# Oil analysis report question.



## barrier12 (Feb 1, 2009)

I got report for oil sample I mailed for analysis. I use Mobil1 0W-40, it was about 4,000 miles/6+ months on it. It is 1.8T, stock, 91 or 93 fuel. Miles mostly short runs.

"Comments: You've clearly been taking good care of the 1.8 turbo in your Passat. Wear metals look great compared to universal averages. They show typical wear levels for this type of engines after about 5,200 miles on the oil. You did not run quite that long so the lower wear is great; it shows a mechanically healthy engine. Fuel dulition is the only thing keeping this from being a perfect report and 3.3% is cautionary. It didn't seem to hurt anything, but there could be a leaky injector or other fuel system problem developing.
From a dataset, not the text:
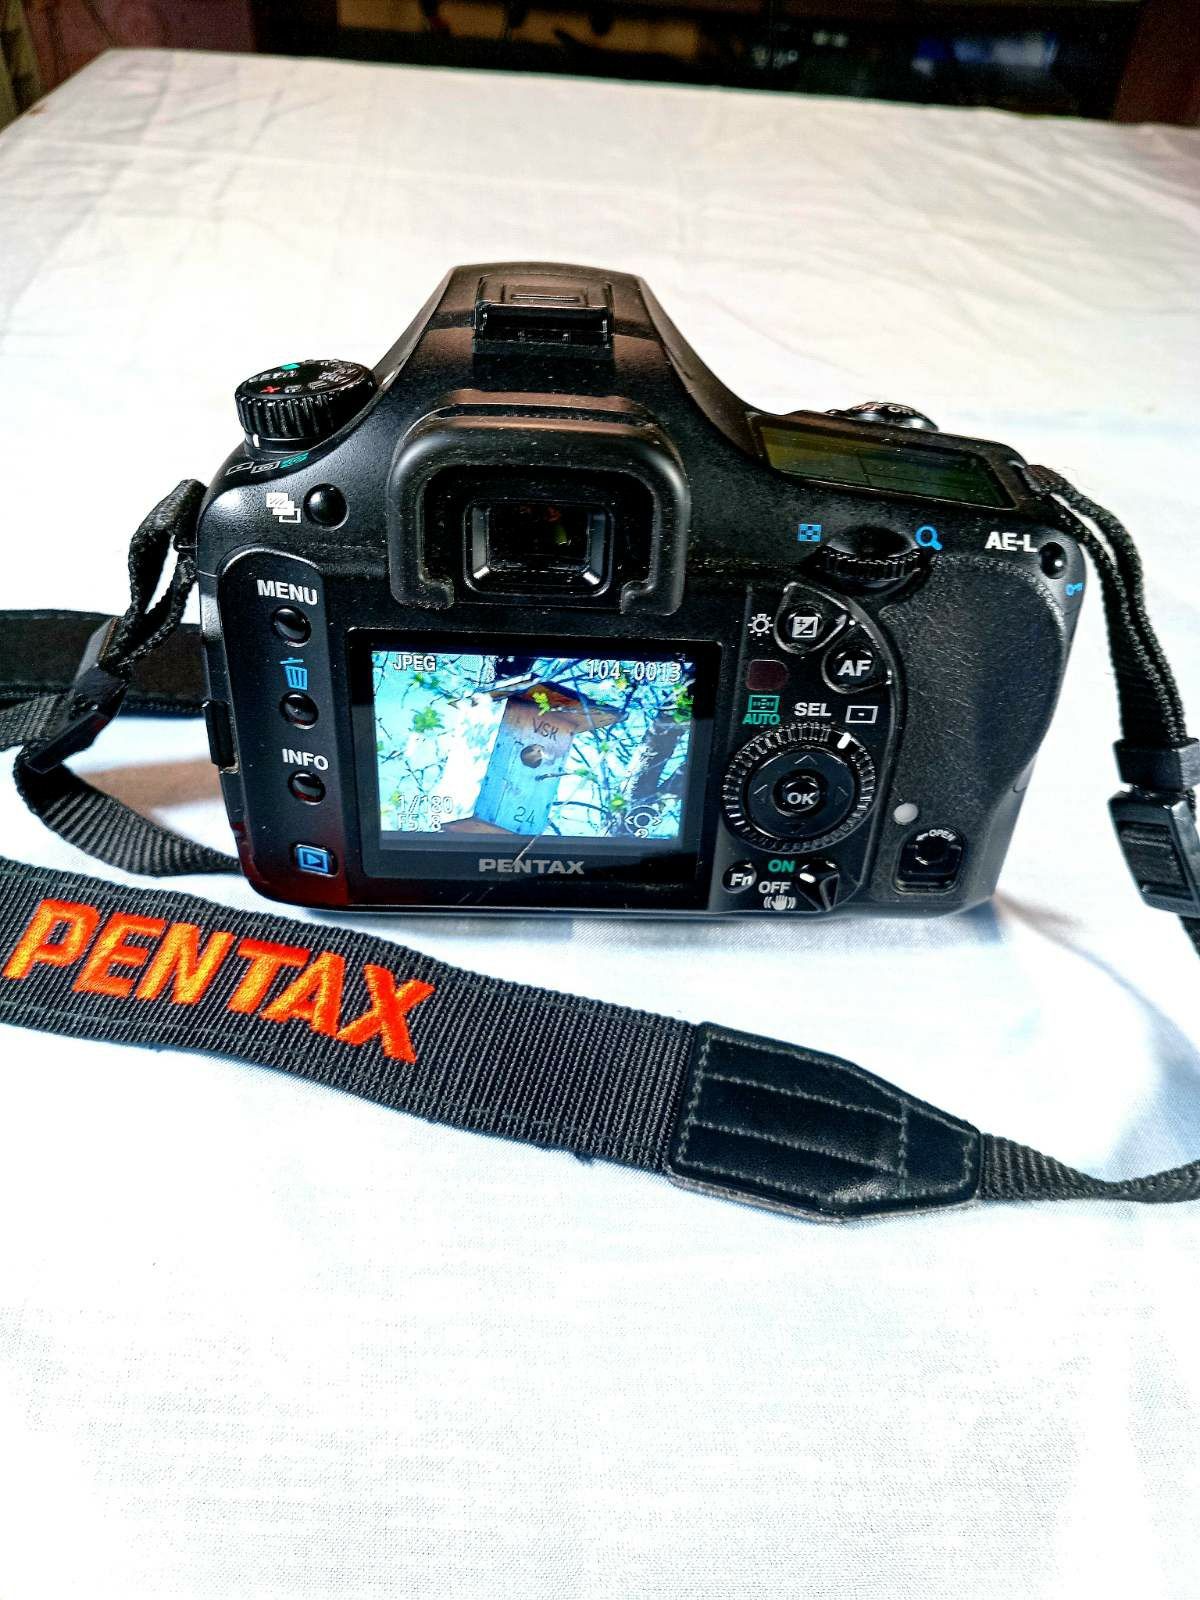 Pentax k10 d 18-55, 55-300

Check back in another 3,000 miles or so."

Most of the numbers seems to be close to "Universal averages", but some higher or lower:


Elements in parts per Million...............My sample...................Universal averages
...
Molibdenum.............................................83....................................51
...
Boron....................................................150....................................56
Silicon.....................................................12......................................9
Calcium...............................................2746.................................2242 
Magnesium..............................................13...................................198
Phosphorus............................................922...................................769

.............................Current Values should be My previous sample(40,000 Miles earlier).
Flashpoint in F*.........*320 *.......>385.............................370
Fuel %......................* 3.3*........


----------



## finklejag (Apr 4, 2002)

You need to post the wear metals and viscosity.


----------